Non c’è più tempo. Noi siamo la cura

Pubblichiamo il documento politico dell’Assemblea della Magnolia. L’iniziativa, promossa dalla Casa internazionale delle donne di Roma, è stata sostenuta da tantissime associazioni, gruppi e singole donne, che hanno cercato insieme di individuare i nodi che il Covid-19 ha fatto prepotentemente emergere e di proporre soluzioni attente ai diritti e alle libertà delle donne.

Non c’è più tempo. Per il pianeta, per il nostro mondo, per le nostre vite. Noi siamo la cura

Siamo le donne dell’Assemblea della Magnolia che si incontrano dal mese di luglio su iniziativa della Casa Internazionale delle Donne di Roma. Una pluralità di donne, tantissime e diverse, con le loro competenze e soggettività, da sempre impegnate per la libertà e l’autonomia delle donne e a praticare “la cura del vivere”, nelle esperienze personali e sociali, e nella politica.

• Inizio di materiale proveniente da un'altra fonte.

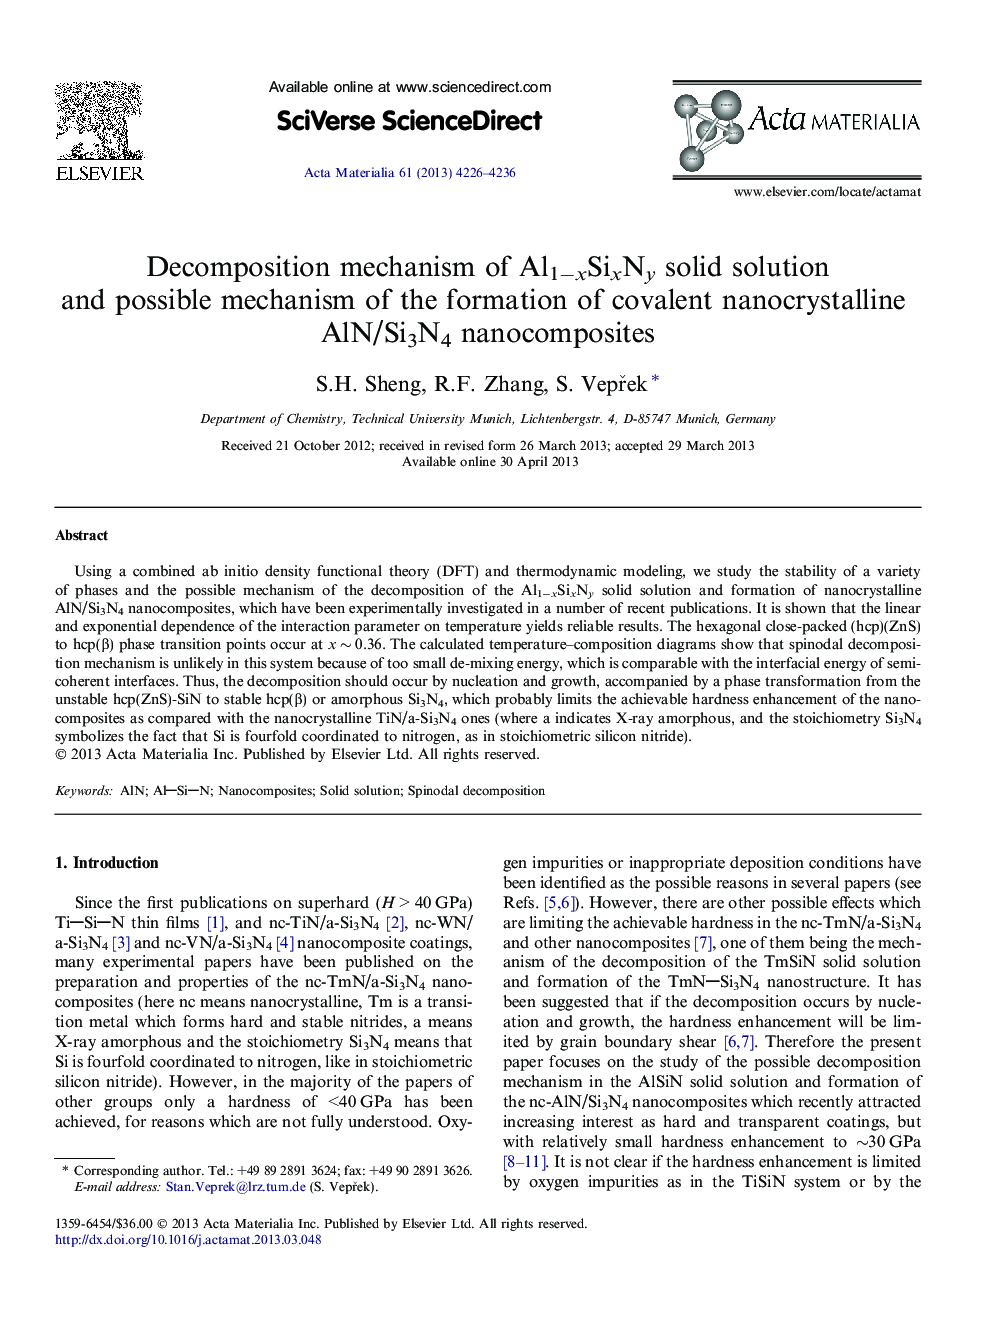 Decomposition mechanism of Al1âxSixNy solid solution and possible mechanism of the formation of covalent nanocrystalline AlN/Si3N4 nanocomposites

È in ragione di questa forza che vogliamo prendere parola e contribuire alle scelte da fare oggi, per affrontare l’epidemia Covid-19, non come una “guerra da vincere” e per tornare alla “normalità”, ma come occasione per cambiare in radice noi, donne e uomini, ed il mondo in cui viviamo.  Costruendo qui e ora un futuro a misura delle necessità e all’altezza dei nostri desideri.

Con la pandemia il pianeta ha fatto sentire la sua voce.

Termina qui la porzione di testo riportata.